Pfam is a comprehensive database of protein families. Each protein is classified into one family or multiple families at the same time, based on the presence of conserved domains. In general each domain defines a family, and qualify the proteins to have some functionalities.
For example, PF00069 refers to protein-kinase domain. It is highly conserved region found in a vast array of proteins. These proteins are involved in various cellular processes. A protein kinase is an enzyme responsible for phosphorylation, that is the process of adding phosphates to proteins to regulate their functionality and creating a signal through the cell.

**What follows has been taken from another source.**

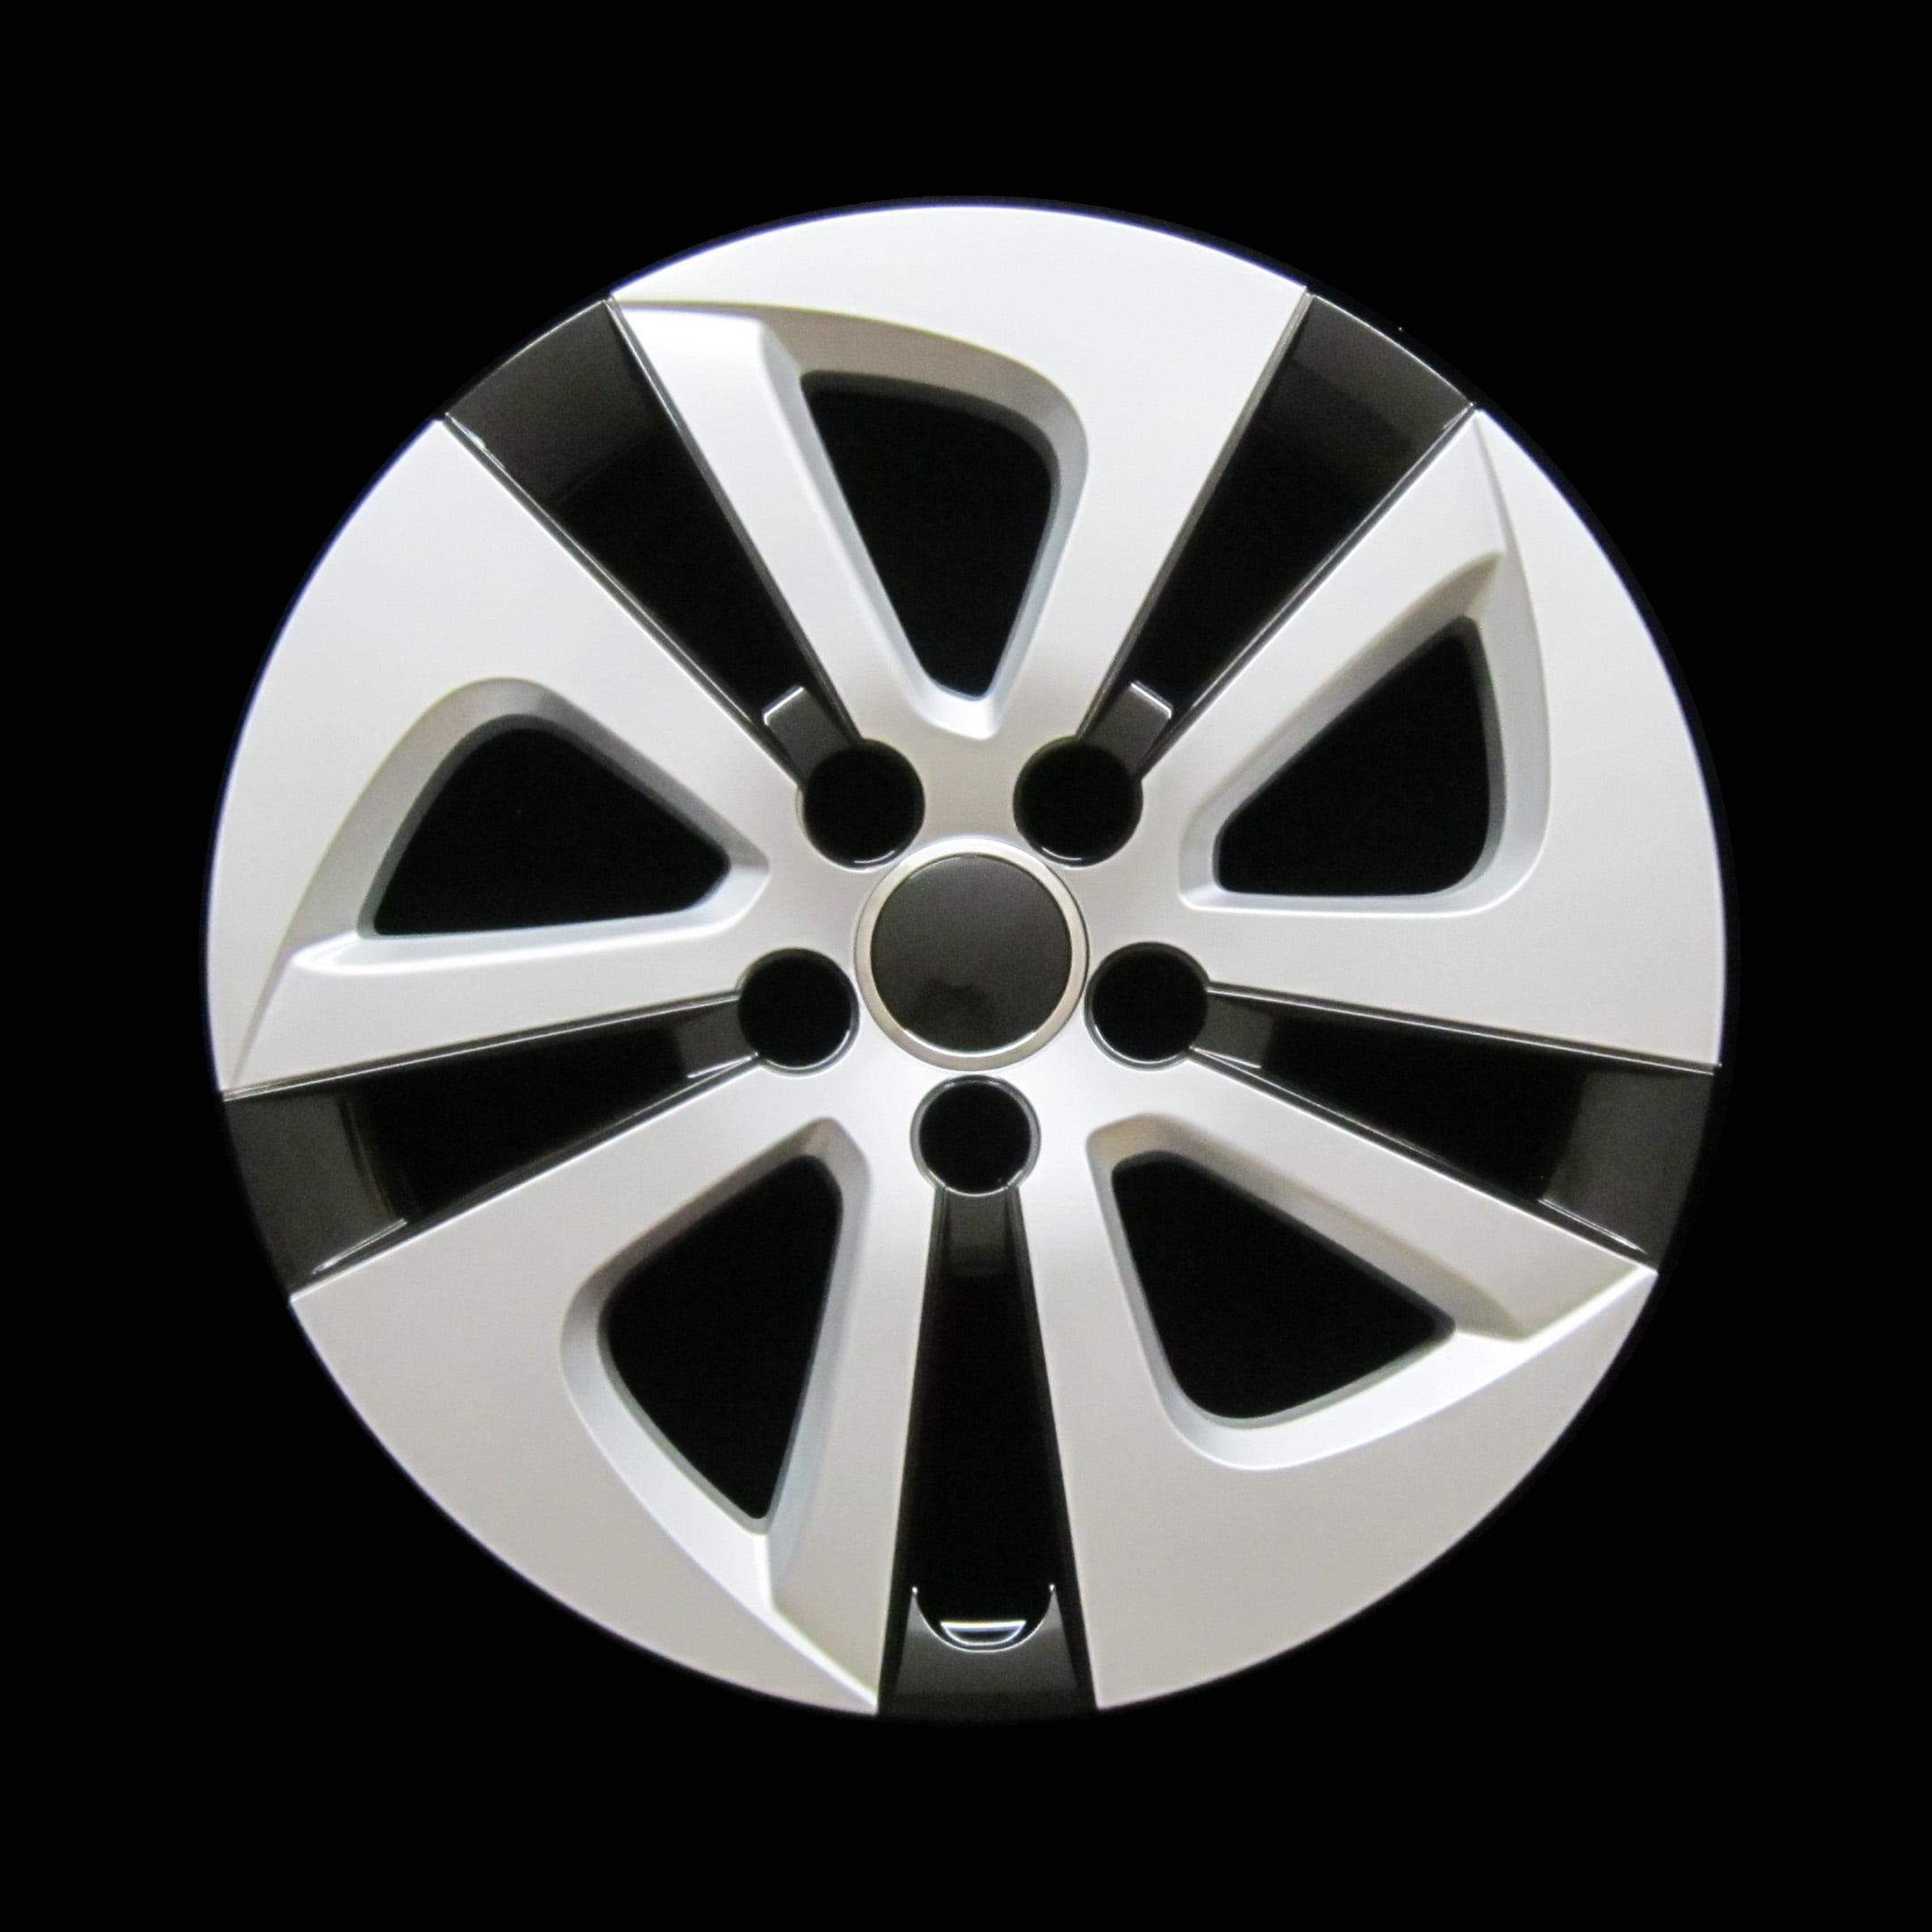 Set of 4 New 2012-2016 Toyota Prius C 15" Wheel Covers Hub Caps Full Rim Skins

At this point, structural conformation of target protein can be changed, and its activity would be modified. In this process, phosphates are sourced by ATP molecules.
Protein kinases are categorized in same family group, but this does not mean that their primary amino-acid chains are completely same. In fact, they have quite different ordering of amino-acids in polypeptide chain with some subtle exceptions of motifs. To phosphorylate other molecules, all kinases have
-
ATP-binding motifs: It faciliates ATP binding and positioning for the phosphoryl transfer reaction, known as Walker-A motif or P-loop. It is capable of interacting with the phosphate groups of ATP. These motifs are generaly formed in G-x(4)-GK-[TS] pattern
-
Catalytic loop motif: It is HRD motif (Histidine-Arginine-Aspartic acid)
-
Activation loop motif: It is DFG motif (Aspartic acid-Phenylalanine-Glycine) to regulate kinase activity.